Master 16 has spent his entire school career in Aotearoa and figures he is over it.
It's not an unusual attitude for teenagers. I want him to stay here, but I also want him to go. I know the US is a big place and that the odds he will return to me with nothing worse than weird(er) hair are very good.
My son has grown up without a father most of his life. He was 4 when Sean died.
For all my flaws, I have been a present parent. But I don't have personal experience becoming a man.
In her book, He'll Be Okay: Growing Gorgeous Boys into Good Men, Celia Lashlie says women cannot stand on the bridge to manhood.
She argues we can walk alongside our sons, but they need a man to guide them through adolescence.
While I am not a fan of gender stereotypes and patriarchy, the world I see is still inclined to place different norms and expectations on males and females.
The androgynous childhood I envisioned for my kids evaporated after my son stopped playing dressup in his sister's clothes around age 4.
Master 16 owns a one-way ticket to Cleveland, Ohio. He will live with my dad and his wife, attend school in a small town (population about 18,000) and play soccer.
It may be a short-lived experiment where he boomerangs back home after a few months.
It could be a longer-term arrangement where he stays for two more years of high school.
How this adventure will unfold remains a mystery. Will he like it? Will he stay off video games long enough to make friends?
Will he get up in the morning on his own a month from today, when I have had to drag him from bed nearly every day of his teenage life? So many unknowns. So much maturing to do.
I was the same age as my son when I left America for an exchange year. I lived on a dairy farm in Luxembourg while attending high school.
It was a challenging time of tears, long-distance phone calls, language study, parties, and travel.
Looking back, I see it as one of the most formative years of my life. I give my parents credit for encouraging me to fly even though it would have been hard to see me go.
It's funny what you notice when the people you love most are about to leave. Conversations about the mundane and the profound bear weight.
Meals are important events, even when they consist of simple spaghetti, stale sushi or leftover tuna casserole.
My phone flips face down and the answer is "yes" when one of my children wants attention.
Yes, I will watch BTS' new video.
Yes, I will talk about faith and doubt.
Yes, I will help you find your car key, even though I am not responsible for it.
The nestlings will leave for their respective schools at the end of next month.

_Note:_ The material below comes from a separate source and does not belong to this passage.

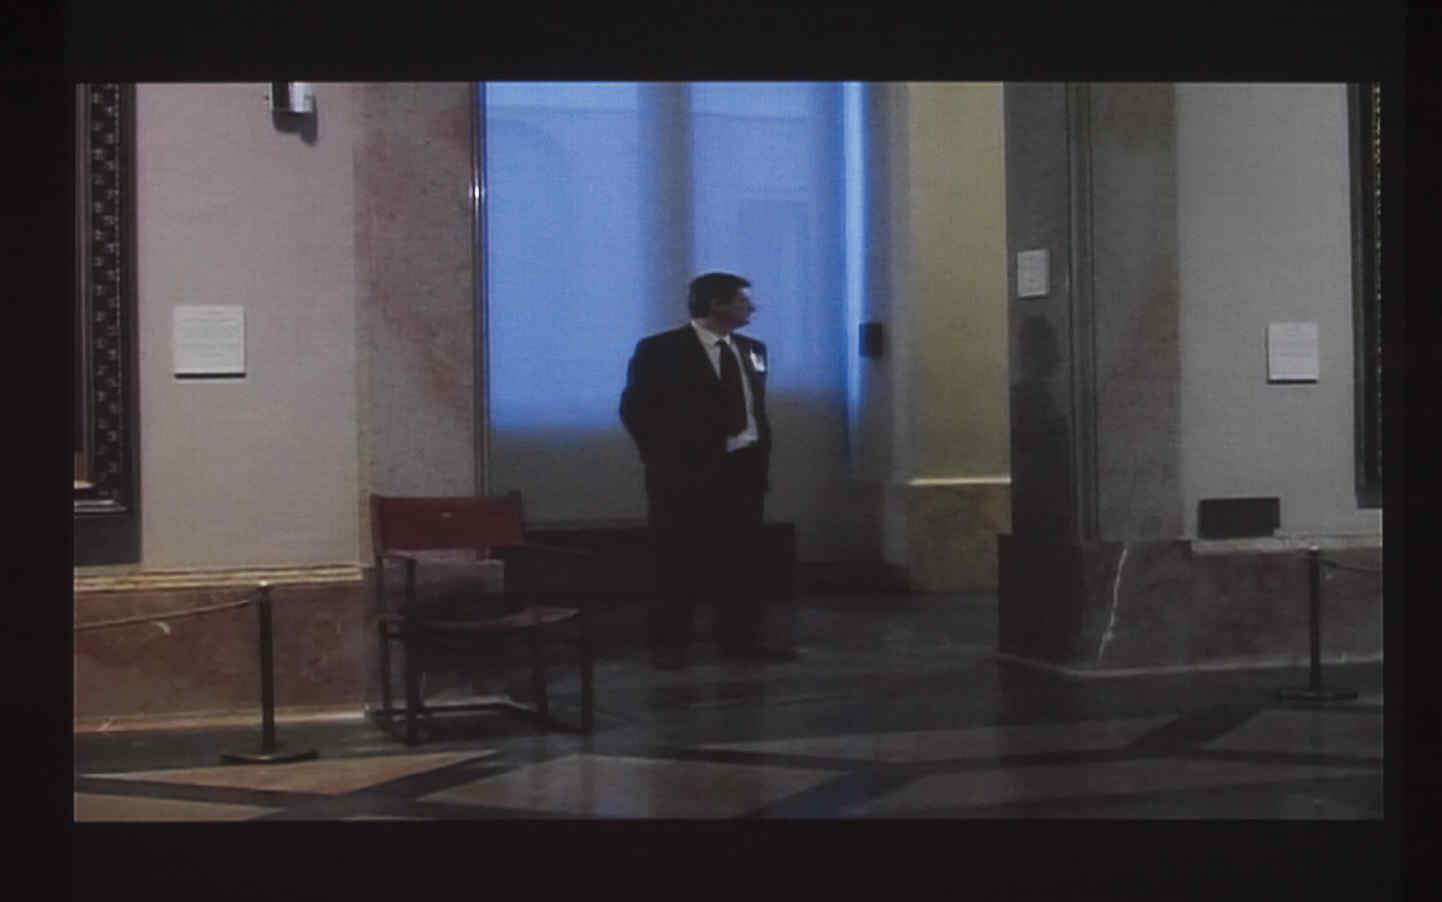 Aportación de vigilancia al Museo del Prado. Vigilar al vigilante de la sala 39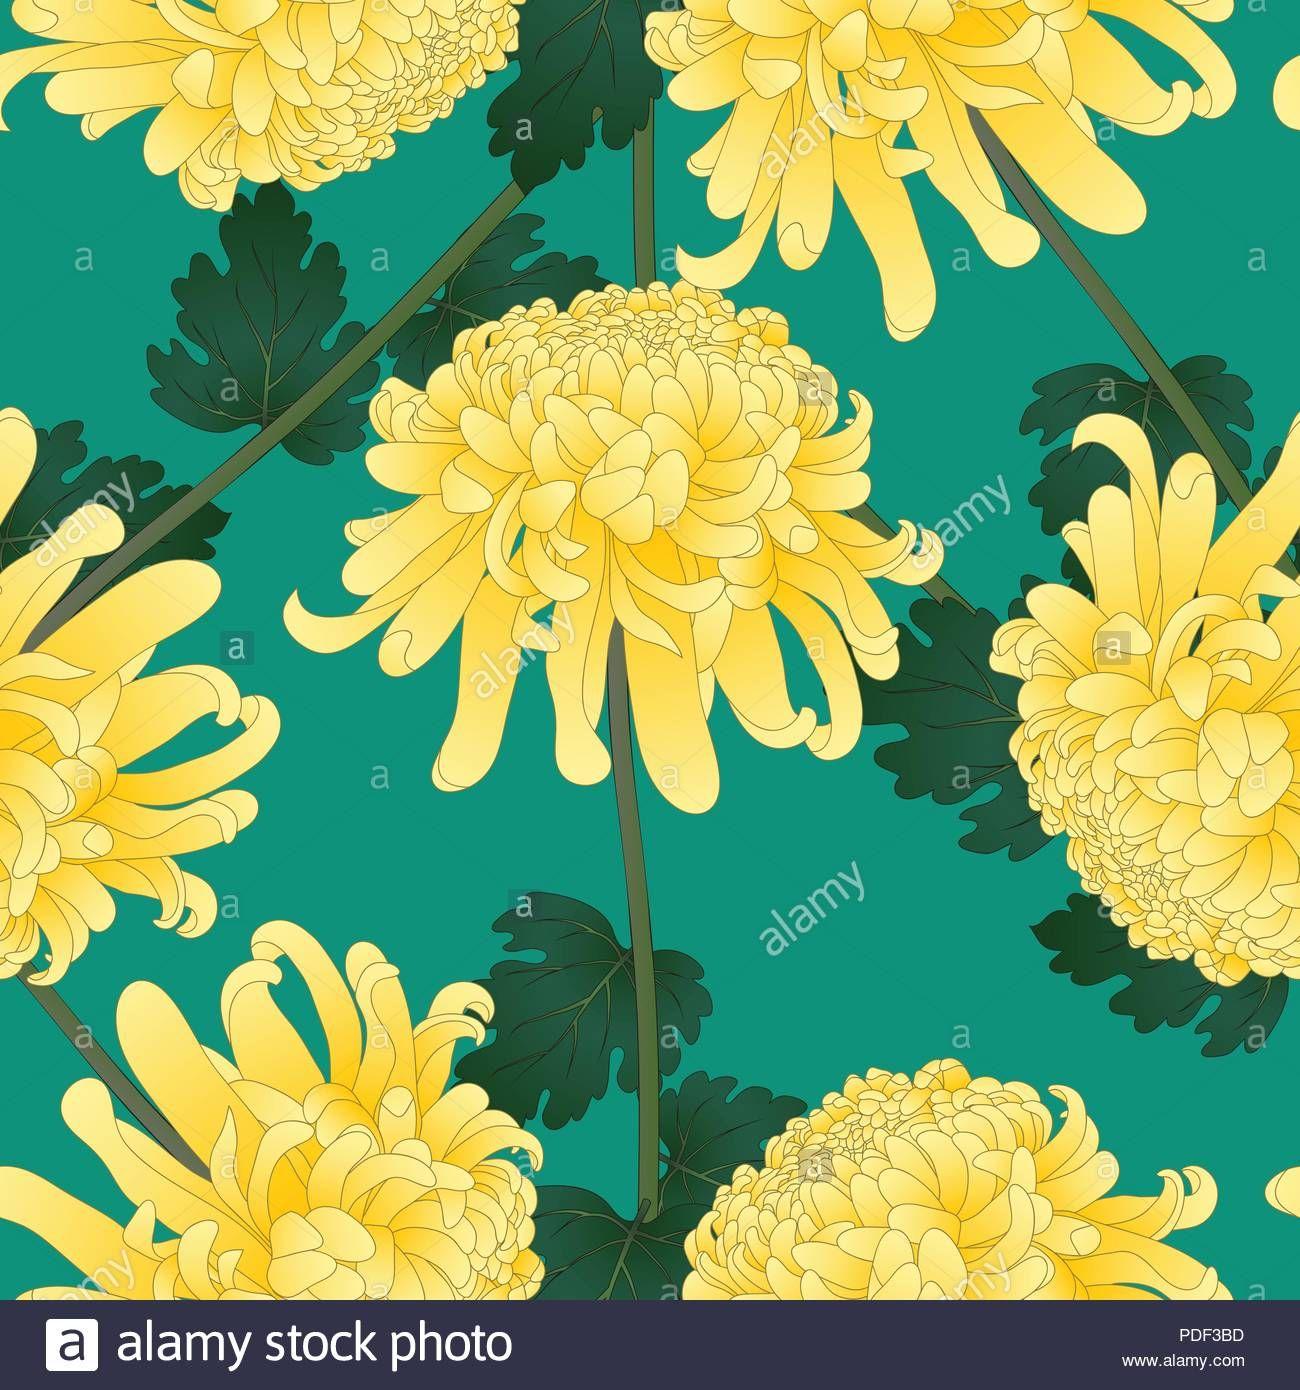 Download This Stock Vector Yellow Chrysanthemum Kiku Japanese Flower On Green Teal Background Vector Japanese Flowers Yellow Chrysanthemum Flower Wallpaper

The dog and I will continue bonding over our shared religion: a holy trinity of sunbeams, sofas and running.
On the bright side, I will regain heaps of time otherwise spent cooking, cleaning and washing for three people.
And I will grow during this transition. My nestlings aren't the only ones evolving — life affords us many chances to pivot.
With a combination of work, skill and luck, we can choose the change.
Dawn Picken has written for NZME since 2014 after a career in television news and marketing in the United States. Picken teaches in the business department of Toi Ohomai, where she shares stories of leadership and change.